Ma position pour le Maroc : revenir aux fondations de l’IA raisonneuse
Dans mes écrits, j’ai toujours insisté sur ce point : pour le Maroc, miser sur l’IA générative telle qu’elle est aujourd’hui est une erreur stratégique.
- Nos besoins en matière de santé, d’éducation, d’environnement ou de gouvernance nécessitent des décisions robustes, vérifiables et explicables, ce que les LLM ne peuvent garantir.
- Nos ressources matérielles et énergétiques doivent être optimisées : les approches lourdes en GPU et en données ne sont pas soutenables à long terme.
- Nos valeurs culturelles et linguistiques doivent être intégrées nativement dans les modèles, ce qui est impossible avec des architectures « boîtes noires » conçues ailleurs.
C’est pourquoi je recommande de privilégier les systèmes experts et leurs évolutions modernes, capables de raisonner explicitement, de justifier chaque décision et de s’adapter à nos contextes locaux.
Ces systèmes, enrichis par les avancées de l’IA cognitive floue, sont plus adaptés à notre souveraineté numérique et à nos réalités culturelles.
L’hypothèse d’une bulle IA : une leçon des dotcom de 2000
Comme Zyed Zalila, je considère que la dynamique actuelle de l’IA générative présente tous les signes d’une bulle spéculative : valorisations astronomiques, promesses technologiques irréalistes, absence de modèles économiques solides.
L’histoire récente nous rappelle celle de la bulle des dotcom en 2000 : une période où l’euphorie autour d’Internet a conduit à des investissements massifs, souvent sans véritable produit ni rentabilité, avant un éclatement brutal.
Si la bulle de l’IA générative venait à éclater, le choc pourrait être encore plus systémique, compte tenu de la dépendance accrue des entreprises et des administrations à ces technologies.
Une troisième voie marocaine : raisonnement, souveraineté, inclusion
La voie que je propose pour le Maroc combine :
- La lucidité critique de Gilles Babinet sur les limites des LLM.
- La rupture technologique de mon ami et collègue Zyed Zalila avec XTRACTIS.
- Mon ancrage systémique : aligner la technologie sur notre souveraineté numérique, nos priorités économiques, nos langues, nos patrimoines et l’inclusion sociale.

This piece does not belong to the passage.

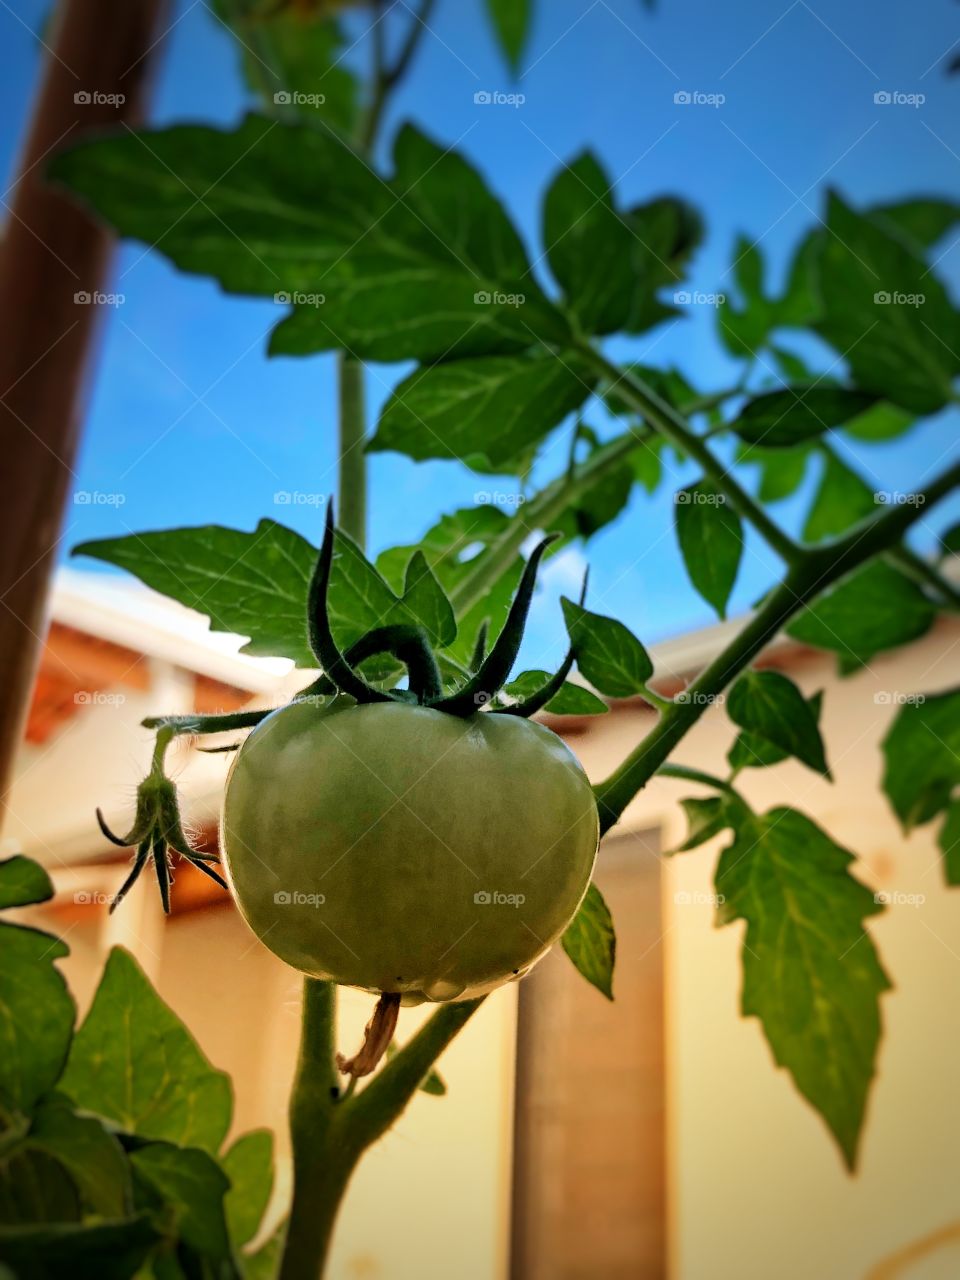 A lone tomato growing in my backyard garden. It is still green, but it is big. Perhaps it becomes a good salad.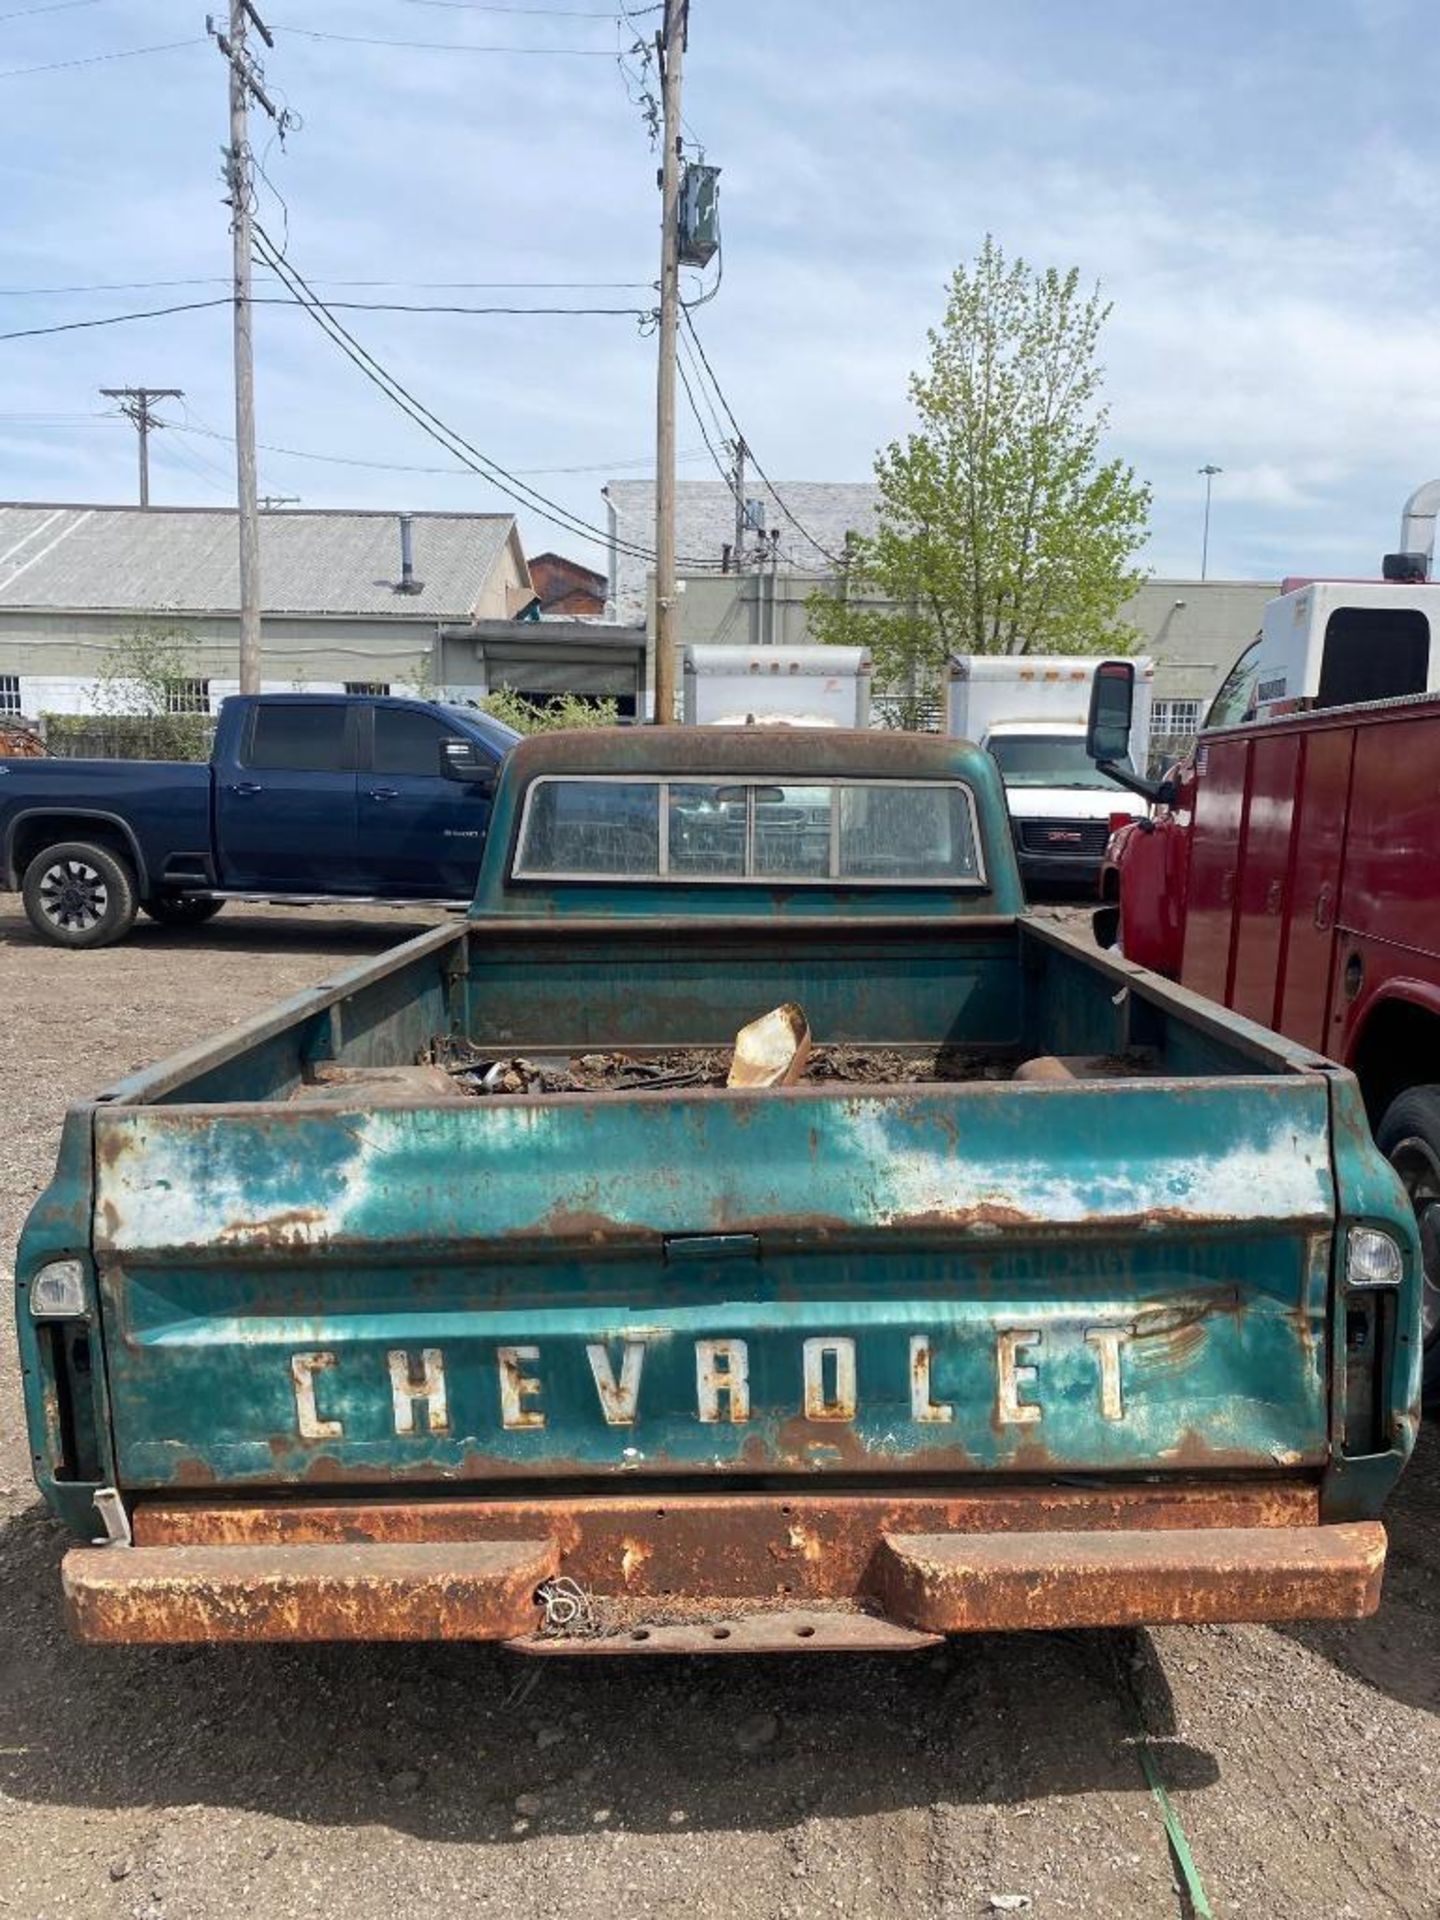 1970 C/10 Pickup Truck (for parts) - Image 9 of 10

En clair, il s’agit d’adapter et de développer au Maroc une IA raisonneuse inspirée des systèmes experts, modernisée par les méthodes floues et hybrides, et déployée dans les secteurs critiques pour soutenir notre développement national.
Un choix stratégique et géopolitique
Le Maroc ne peut pas se permettre de rester simple consommateur de solutions IA étrangères.
Nous devons bâtir un modèle :
- Autonome technologiquement.
- Aligné avec nos priorités nationales et nos valeurs.
- Exportable vers l’Afrique et le monde arabe, pour peser dans le Sud global.
En faisant ce choix, nous pouvons créer une IA qui ne soit pas seulement performante, mais juste, explicable et souveraine, et qui serve véritablement l’avenir de notre pays.